• Task item: Copy the listing below in full and skip every picture.

• Dataset section:

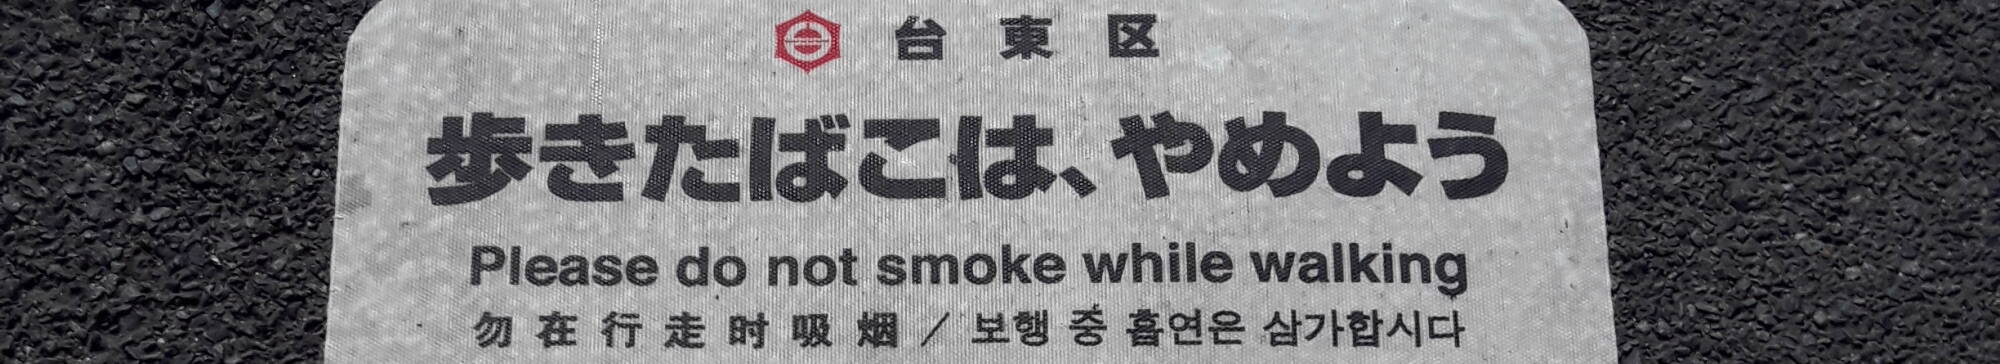 No smoking sign in Tōkyō.
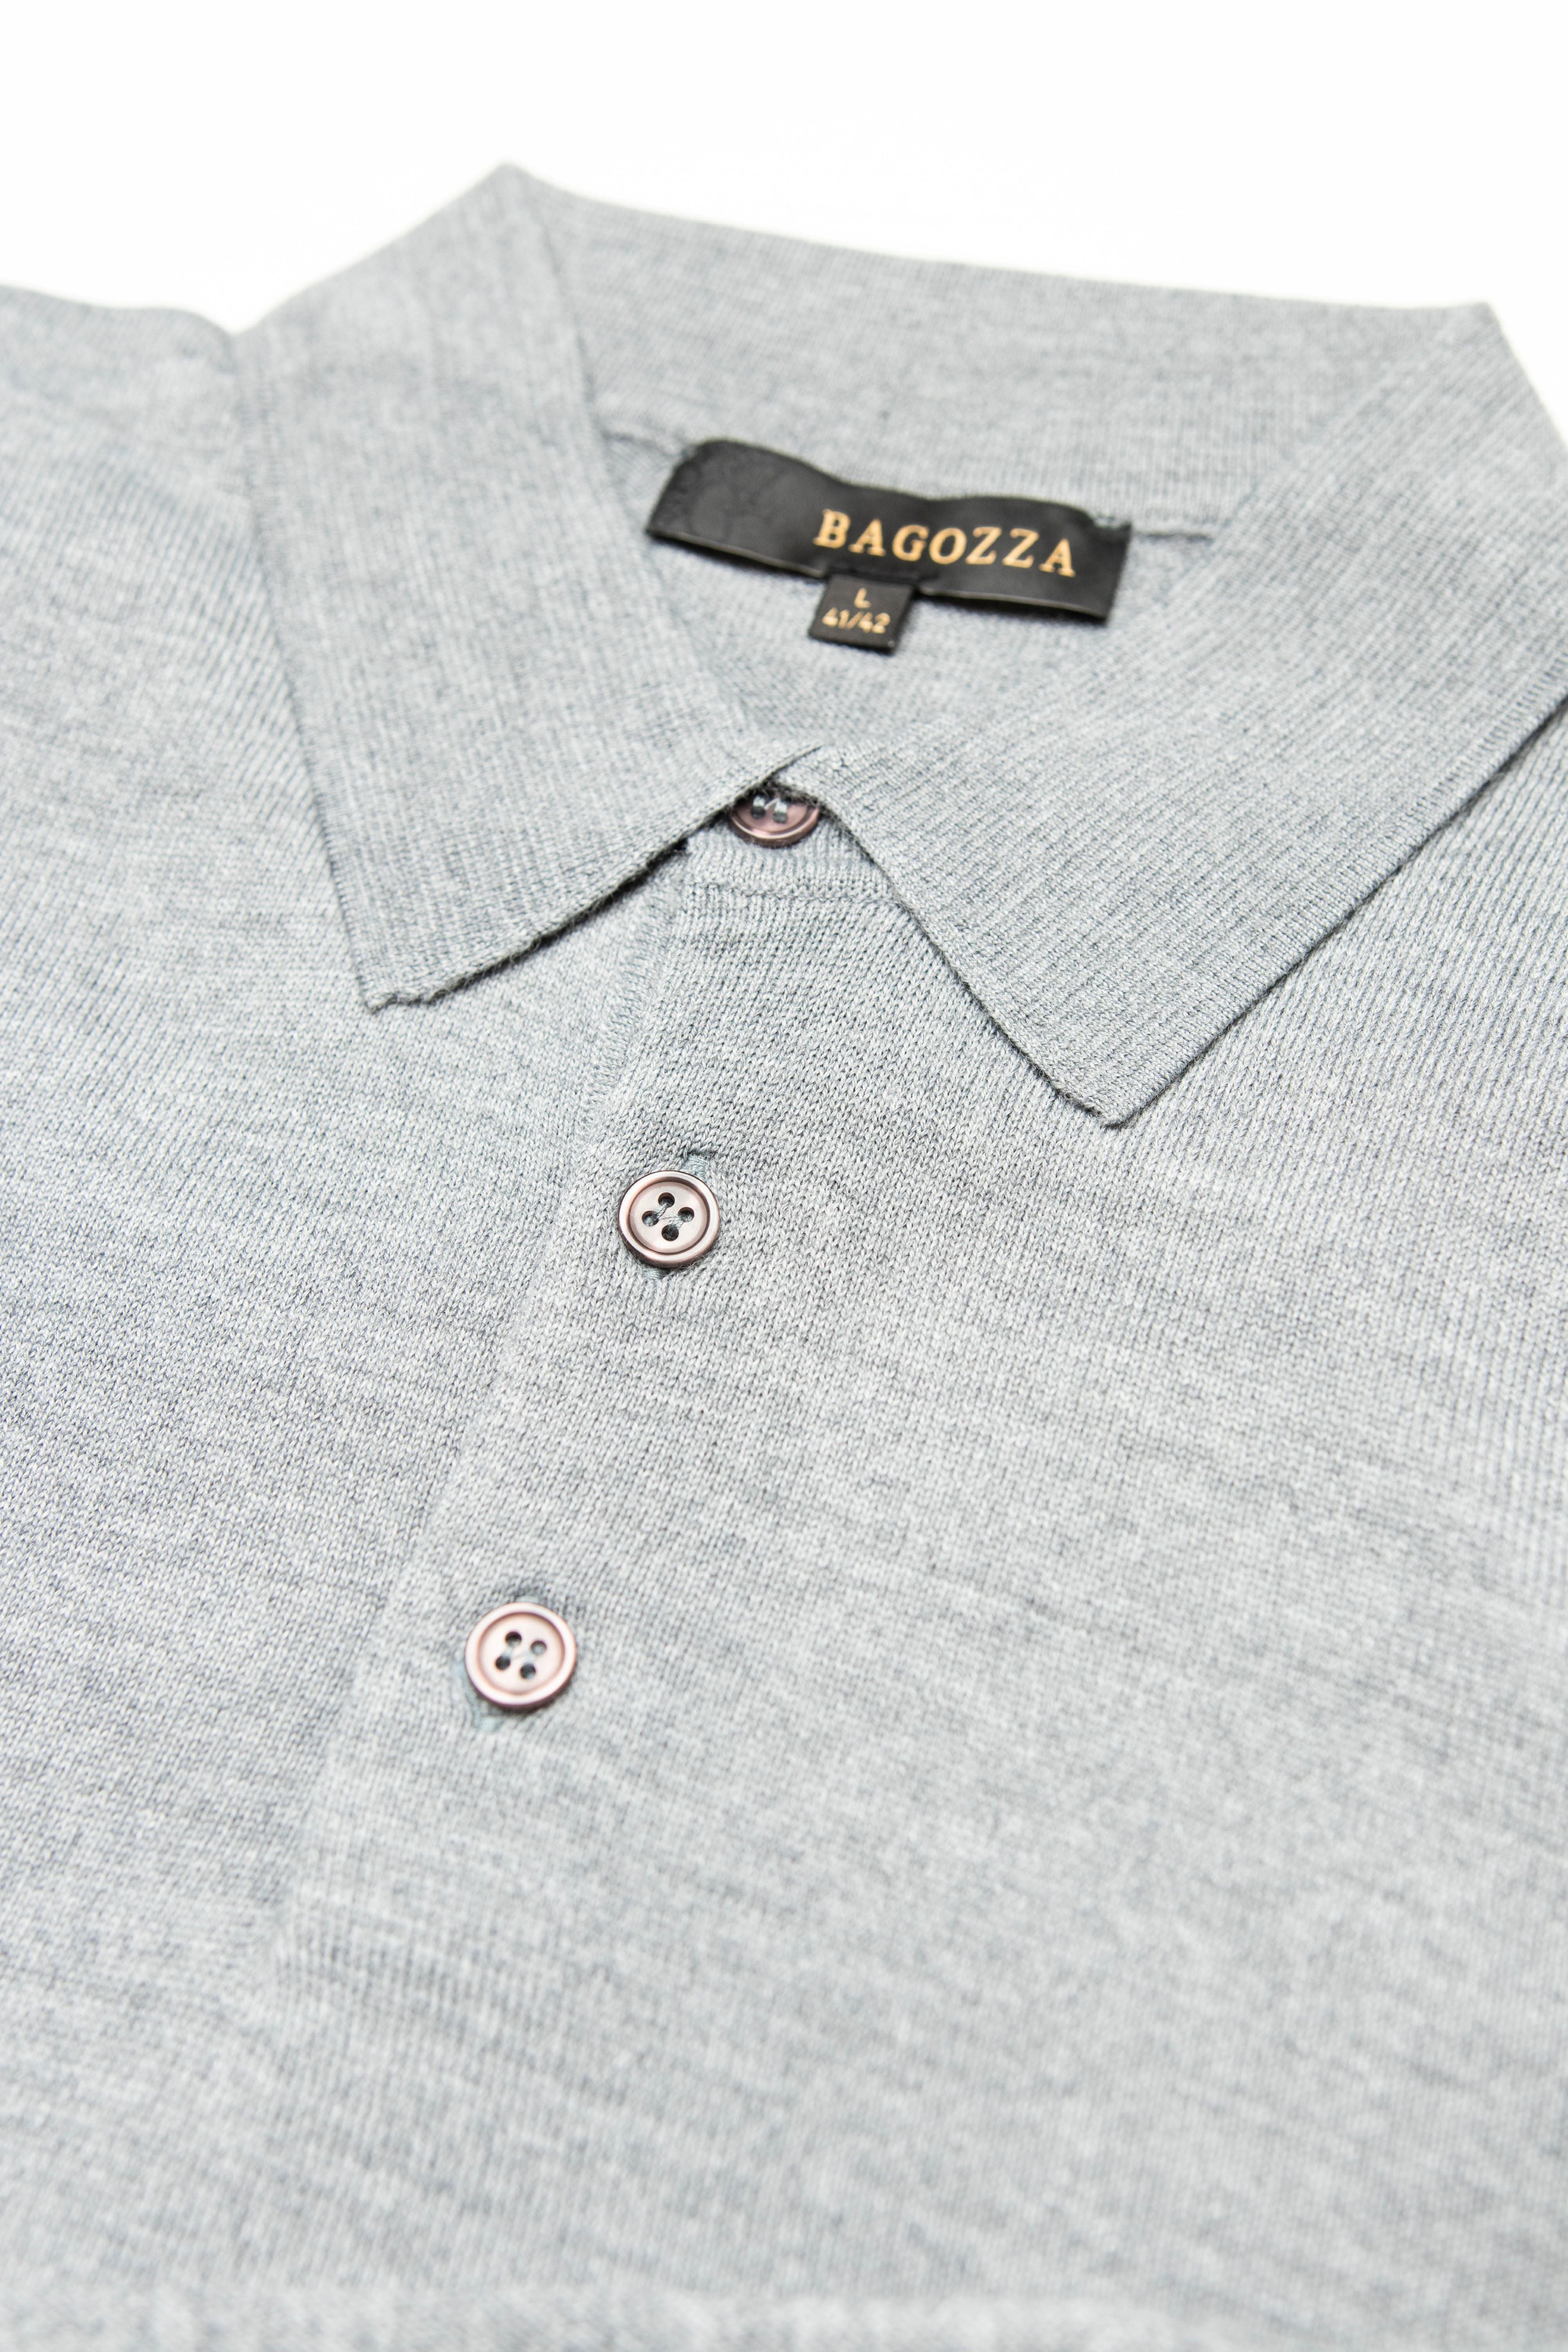 Polo Shirts for Men | Online | Bagozza Americas
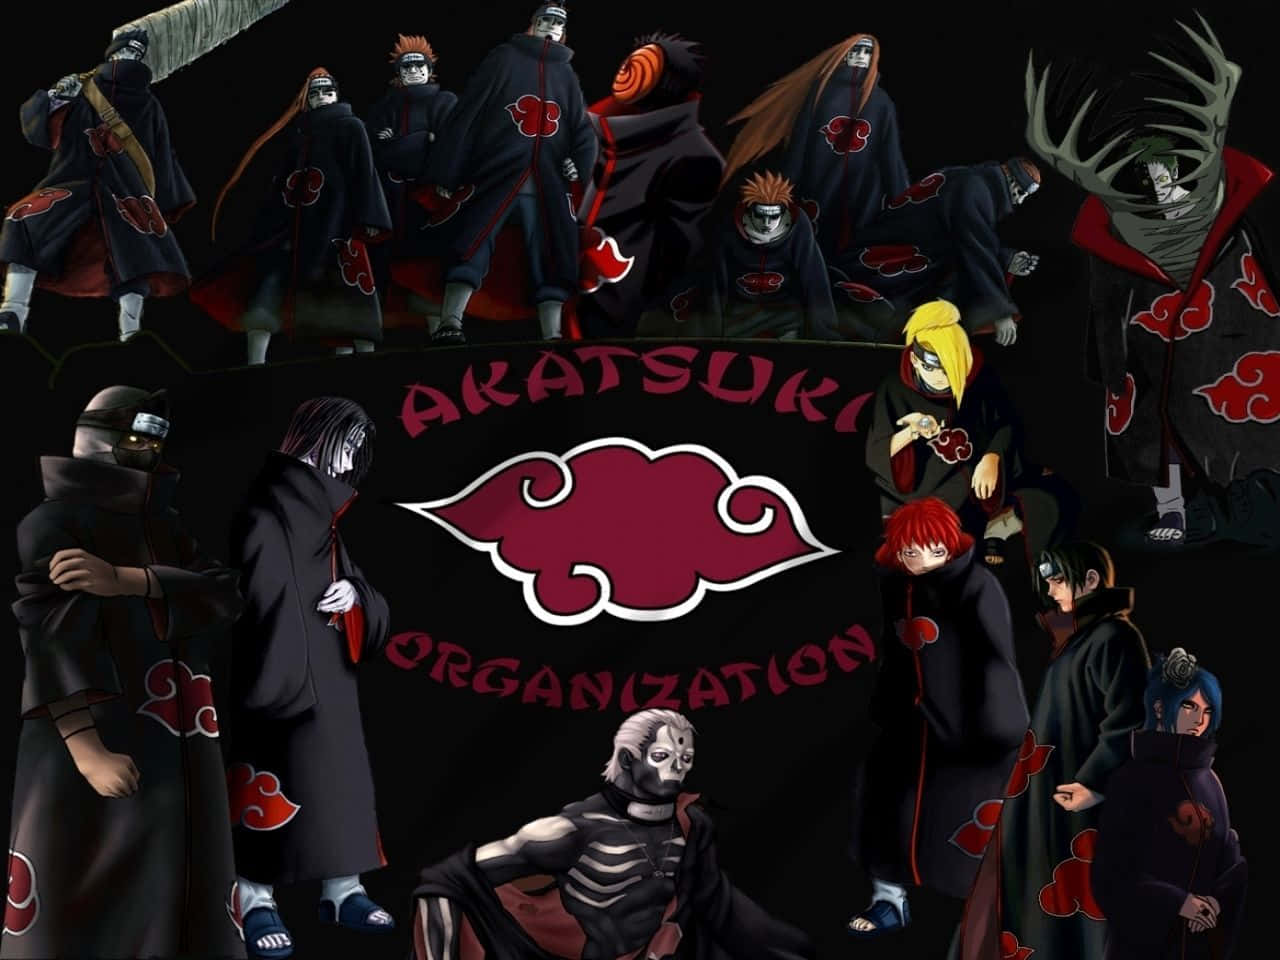 Fondode Pantalla De La Organización Akatsuki De Naruto. Fondo de pantalla
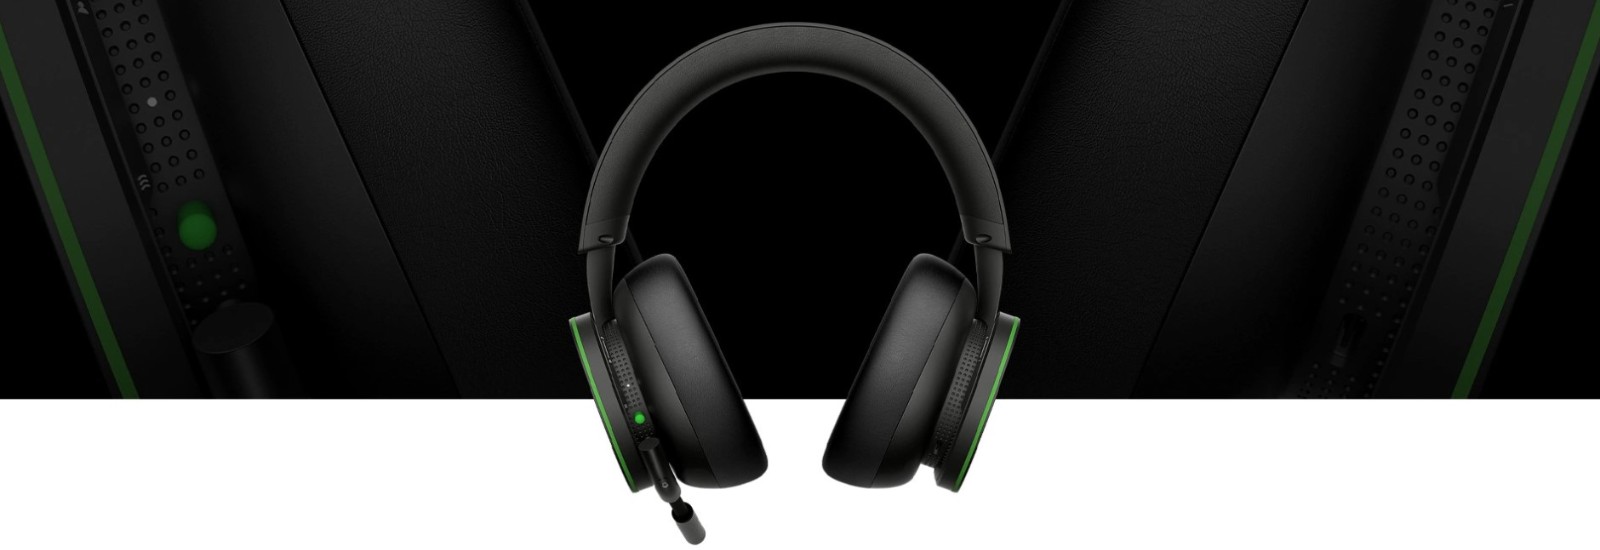 Xbox无线耳机3月16日支卖 卖价99.99好元

• Result of this task:
 No smoking sign in Tōkyō.
 Polo Shirts for Men | Online | Bagozza Americas
 Fondode Pantalla De La Organización Akatsuki De Naruto. Fondo de pantalla
 Xbox无线耳机3月16日支卖 卖价99.99好元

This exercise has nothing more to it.